The region of Zhili (modern day Hebei province) was struck by a major earthquake with an estimated magnitude of 7.5 or 7.4 on June 12, 1830. The epicentre was close to Cixian, which suffered the most severe damage. A total of 7,477 people died as a result of the earthquake.

==Tectonic setting==
Cixian lies close to the western edge of the North China Basin, a rift basin that formed during the Eocene. Since the Pliocene, the active tectonics have been dominated by right-lateral strike-slip faulting. The two largest and most active of the fault zones are the Sanhe–Laishui Fault and the Tangshan–Heijian–Cixian Fault. The latter fault has been associated with many major historical earthquakes, including the 1976 Tangshan earthquake and the 1966 Xingtai earthquakes.

==Earthquake==
Based on macroseismic data the earthquake had an estimated magnitude of 7.5 or 7.4 . The maximum perceived intensity reached X (extreme) on the Modified Mercalli scale. Surface rupture interpreted to be caused by this earthquake reached about 45 km in length. The earthquake is interpreted to have ruptured the southernmost segment of the Tangshan–Heijian–Cixian Fault.

==Damage==
In Cixian, between 80 and 90% of all buildings collapsed and 200,000 houses were destroyed. In Pengcheng, part of a temple was the only building left standing. More than half the buildings in Cheng'an collapsed. Part of the city walls in Handan were destroyed as were many houses. Severe damage was also reported from Fengfeng, Linzhang, Anyang, Wu'an, Linxian, Tangyin, Huixian, Xiuwu, Xinxiang, Huojia, Shexian and Nanle.

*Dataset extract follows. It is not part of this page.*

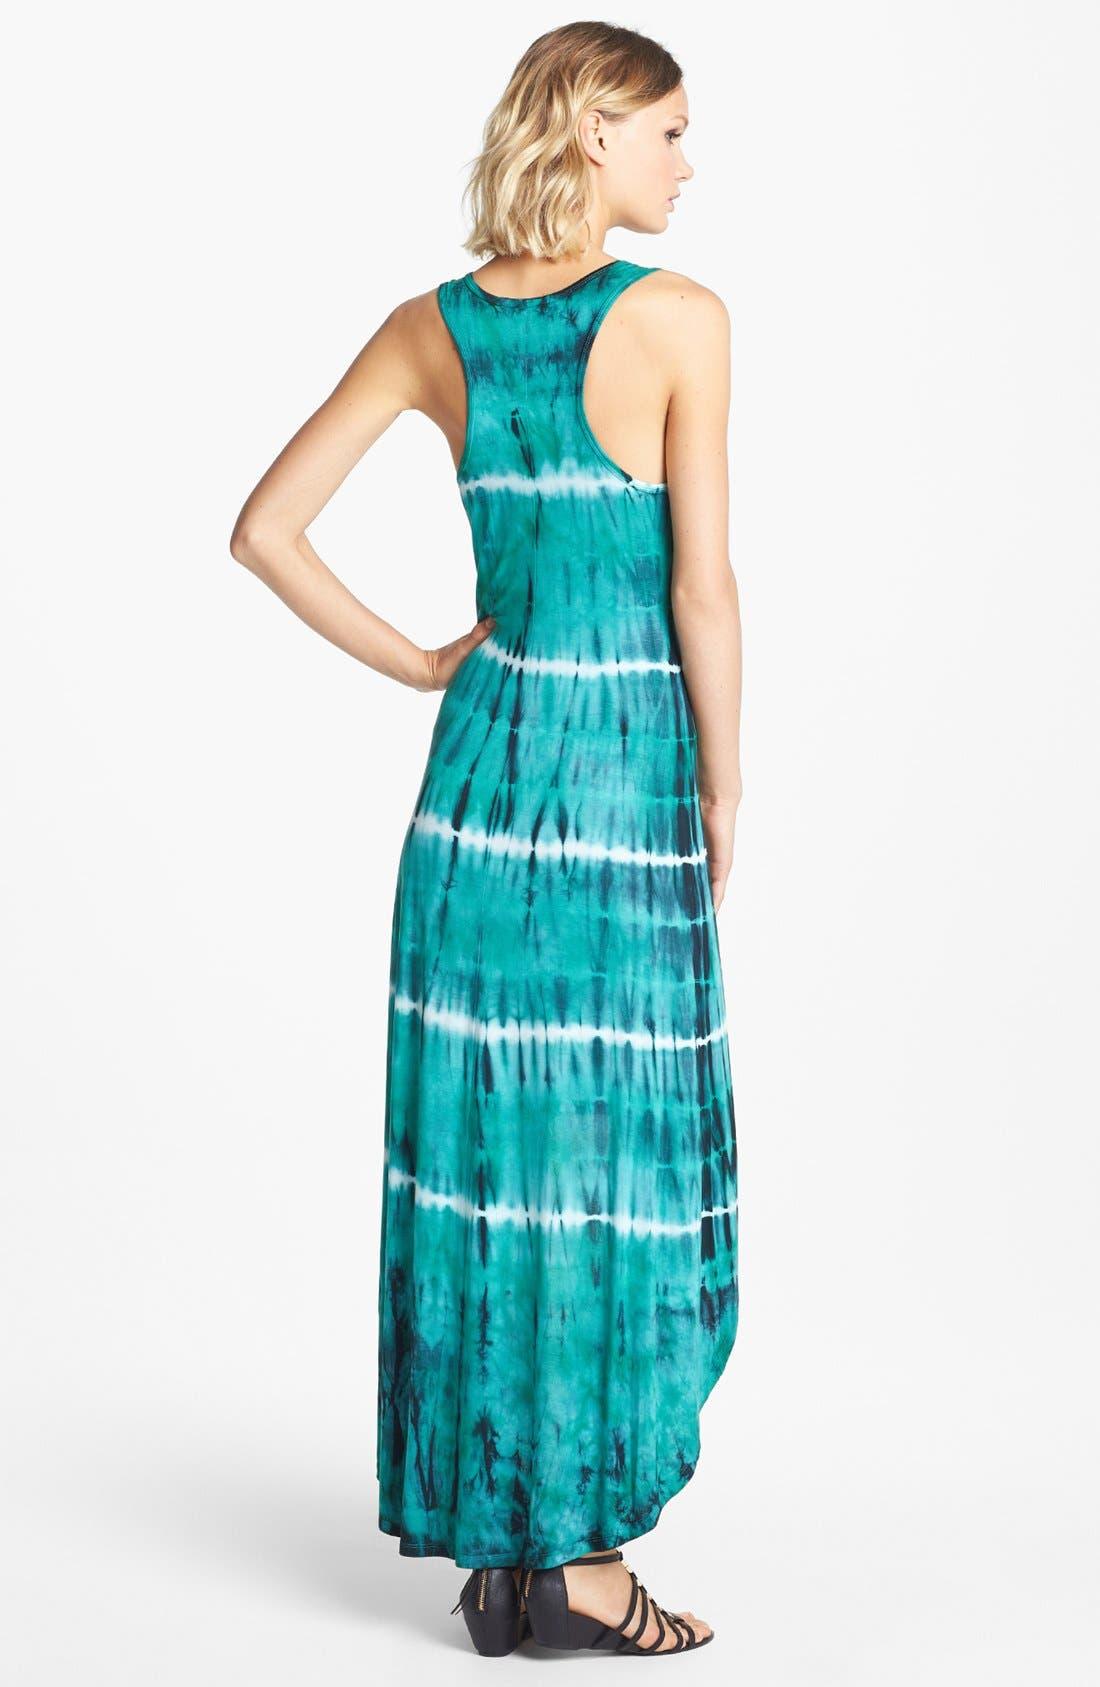 'Ivy' Tie Dye Maxi Dress,                             Alternate thumbnail 3, color,                             319

There were widespread reports of ground fissuring and sandblows. The flow of some rivers and canals was affected. Landslides were reported near Pengcheng.

==Casualties==
In Cixian 5,485 inhabitants were killed in the earthquake and a further 1,700 were killed or injured in Pengcheng. Deaths were also reported from Cheng'an (many), Handan and nearby villages (488). A total of 7,477 deaths was recorded.